With the U.S. so awash in oil that the industry is asking Mr. Obama to lift the ban on exporting domestic production – a ban that dates back decades – the imperatives that drove Keystone XL half a decade ago have eased.

Keystone XL has become an icon, a measure of Mr. Obama's credibility on his pledge not to befoul the planet for future generations.

Both sides expect (again) the coming year to be the one when a decision is finally made in the White House, even if they differ sharply on what it will be.

"I have confidence that reason will prevail in Washington in 2014 on many fronts," said Gordon Giffin, a former U.S. ambassador to Canada who now heads the Public Policy and International department of McKenna Long & Aldridge in Washington. Mr. Giffin predicted that "based on the merits, the pipeline will receive a presidential permit in the spring of next year."

Not so fast, argue Keystone XL opponents who regard it as a nightmare that will unlock the vast Alberta reserves to development.

"The American people are becoming more and more aware that the U.S. should not enable the growth of some of the most carbon-intensive and high-impact oil on the planet," said Danielle Droitsch, Director of the Canada Project at the Natural Resources Defense Council. "The proposed Keystone XL pipeline would clearly enable that growth and fail President Obama's climate test."

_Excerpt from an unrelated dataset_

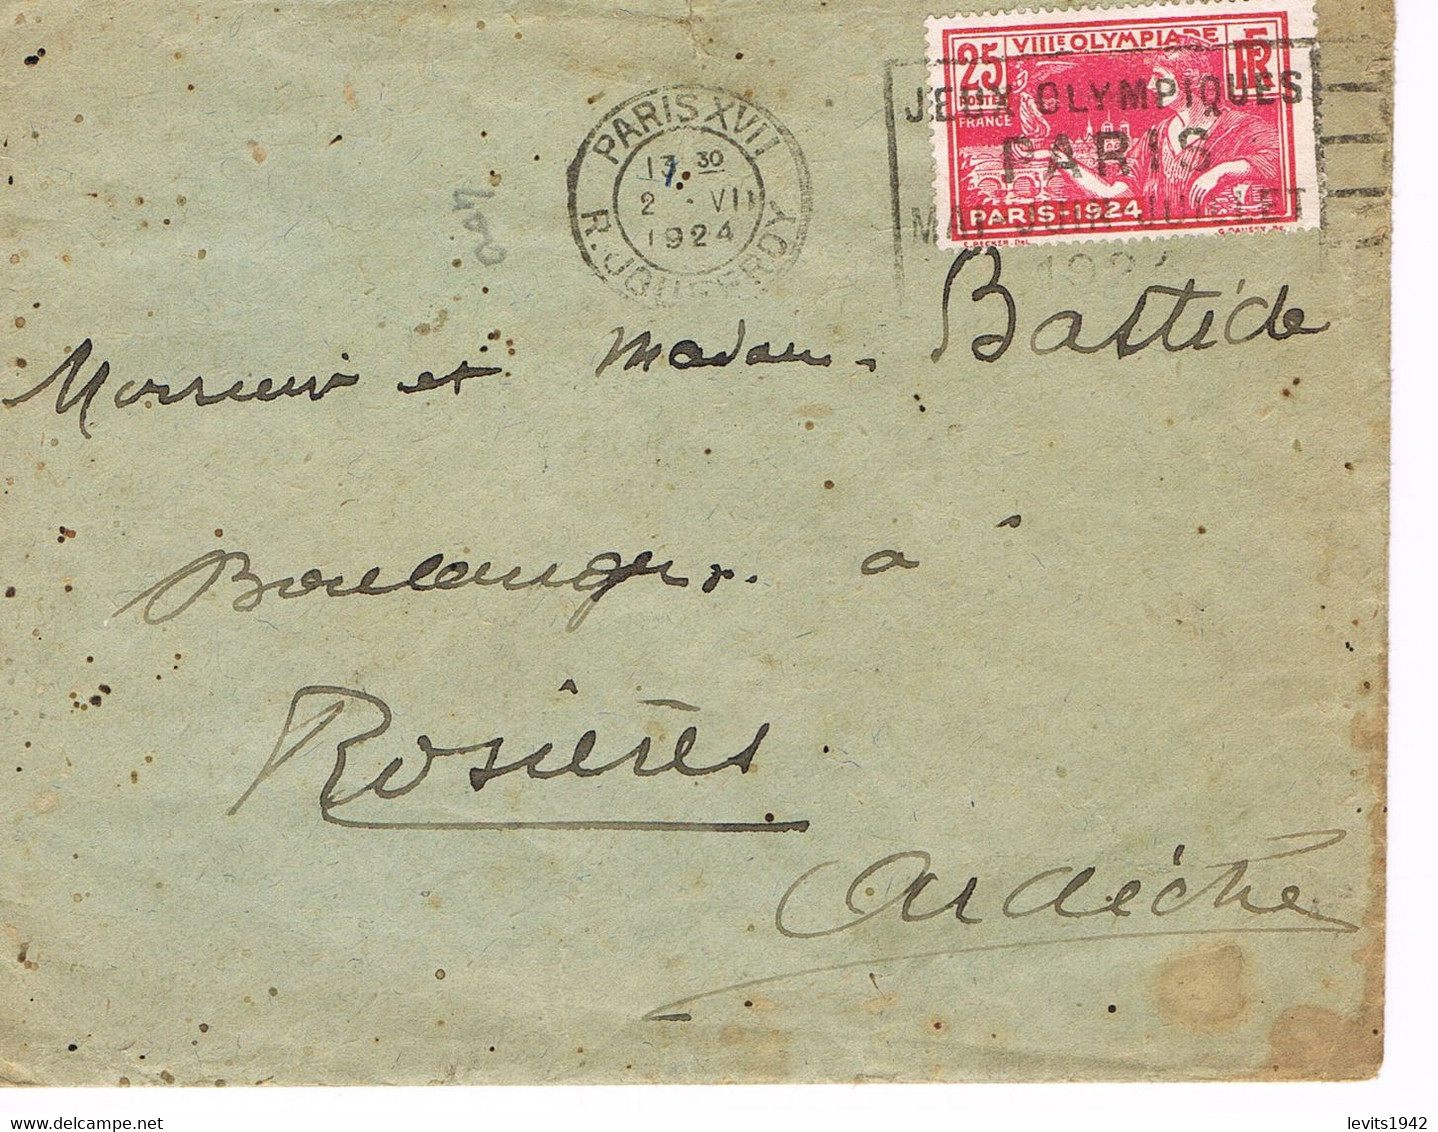 JEUX OLYMPIQUES 1924 -  MARQUE POSTALE - TIMBRE CONCORDANT - 02-07 - JOUR DE COMPETITION - ESCRIME - TIR - - Summer 1924: Paris

Some Keystone advocates believe Mr. Obama's dithering is to garner votes rather than the result of careful deliberation. "The American public clearly believes that President Obama is delaying his decision on Keystone XL due to politics rather than 'legitimate concerns,'" said Matt Dempsey, of Oil Sands Fact Check, a lobby group backing the pipeline. "It's time for President Obama to put politics aside and side with the American people who need the jobs and energy security Keystone XL would bring."

On the other side of the bitter divide, rejecting Keystone XL is about long-term security and a new era of energy jobs. "In 2014 the world will embrace clean energy, we will turn away from extreme fuels, and we will never look back," said Michael Marx, of the Sierra Club's Beyond Oil campaign. "My New Year's wish is that 2014 is the year that the Harper government comes to its senses about climate disruption. I wish to see the Canadian government, and the U.S. government and world for that matter, wake up to their responsibility for the health and safety of all Canadians, all First Nations communities, and all communities along the proposed pipeline and rail routes."

Some hope Mr. Obama will send Mr. Harper a message he has to accept. "I expect President Obama to live up to his word of protecting our homes and water which means one thing and one thing only, deny Keystone XL and send a clear message to Canada to clean up the tar sands, said Jane Kleeb of Bold Nebraska.

Meanwhile, everyone has a Plan B. For TransCanada, which will open the southern leg of Keystone XL later this month, building the pipeline as far as North Dakota where the huge Bakken oil field is flourishing, would neatly avoid the trans-border permit required to cross the 49th parallel.

Then the last few hundred kilometres from a pipeline terminal in Montana to the Alberta oil sands could be bridged with huge oil trains shuttling back and forth in a rail bridge that requires no presidential permit.

Paul Koring reports from The Globe's Washington bureau.